Die in den Westen ausgewanderten Syro-Malabarer sehen sich in ihrer größtenteils antichristlich orientierten Umwelt demgegenüber stärker auf den Schulterschluss mit ihren lateinischen Glaubensgenossen verwiesen – dessen „nachkonziliare Errungenschaften“ in der Liturgie eingeschlossen. Und da diese Auswanderergemeinden nicht nur durch Herkunft und Familie, sondern auch durch Finanztransfers stark mit ihren indischen Ursprüngen verbunden sind, transportieren sie (ob gewollt oder unbewußt) diese Tendenz zur Verwestlichung auch stark nach Indien zurück.

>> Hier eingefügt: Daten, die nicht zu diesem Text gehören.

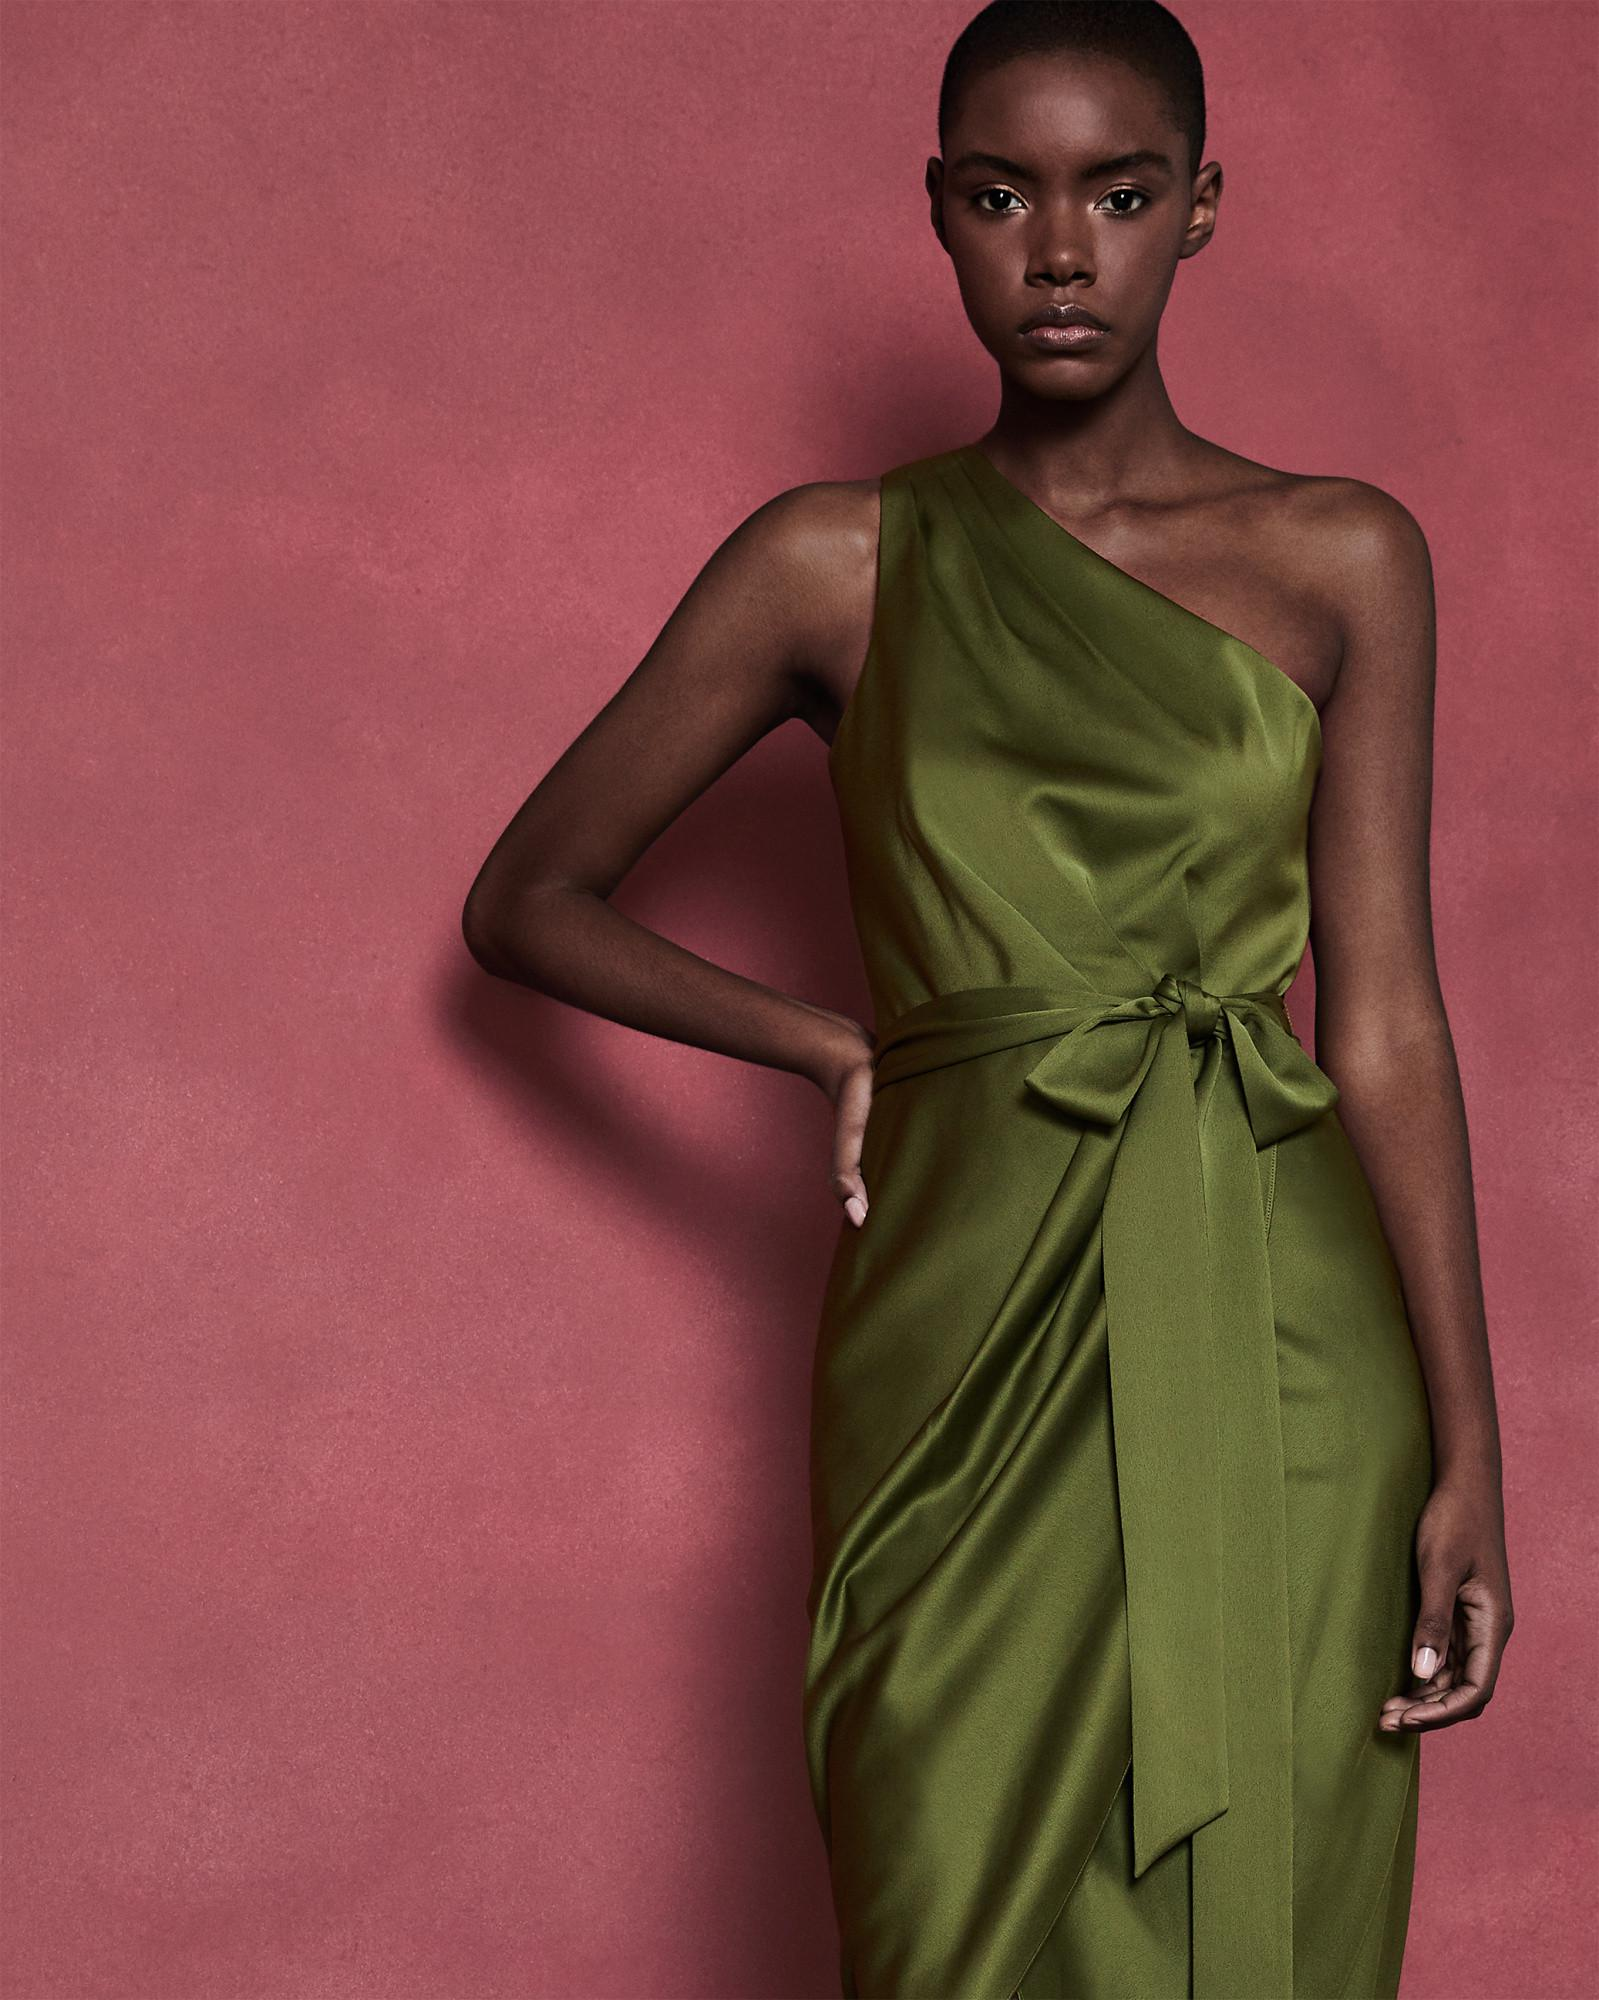 b1c3dfb5c Lyst - Ted Baker One Shoulder Drape Midi Dress in Green - Save 30%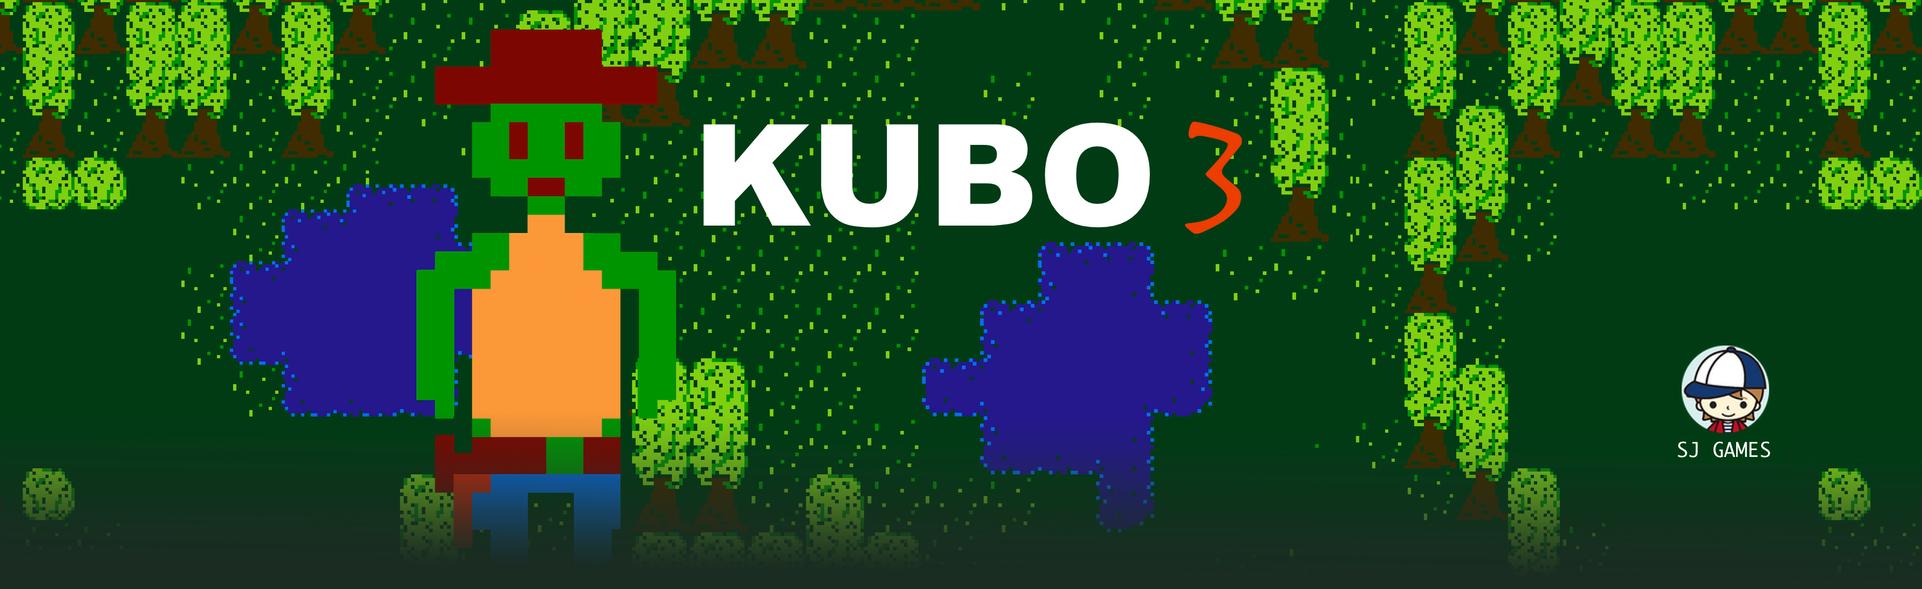 KUBO 3 (SJ Games - NES / FAMICOM)

In Kerala, das den Schwerpunkt der christlich-indischen Auswanderung in den letzten Jahrzehnten bildete, treffen nun wie es scheint diese beiden Tendenzen zur „Re-Indisierung“ und zur weiteren „globalen Verwestlichung“ innerhalb der katholischen Gemeinschaft besonders heftig aufeinander. Die Folgen sind unter anderem auch im Bereich der Liturgie zu besichtigen. Für die katholische Weltkirche ist das einerseits eine ärgerliche Störung und unangenehme Herausforderung, andererseits aber auch eine begrüßenswerte Möglichkeit, sich der Möglichkeiten und Grenzen ihrer eigenen Identität unter den Bedingungen der Globalisierung (und der dadurch provozierten Gegenbewegungen) nicht nur in Indien erneut zu vergewissern. Wohlfeiles Gerede von „Akkulturation“ und Import von Pachamama-Statuen oder Djembe-Trommeln nach Rom bietet noch nicht einmal eine Scheinlösung.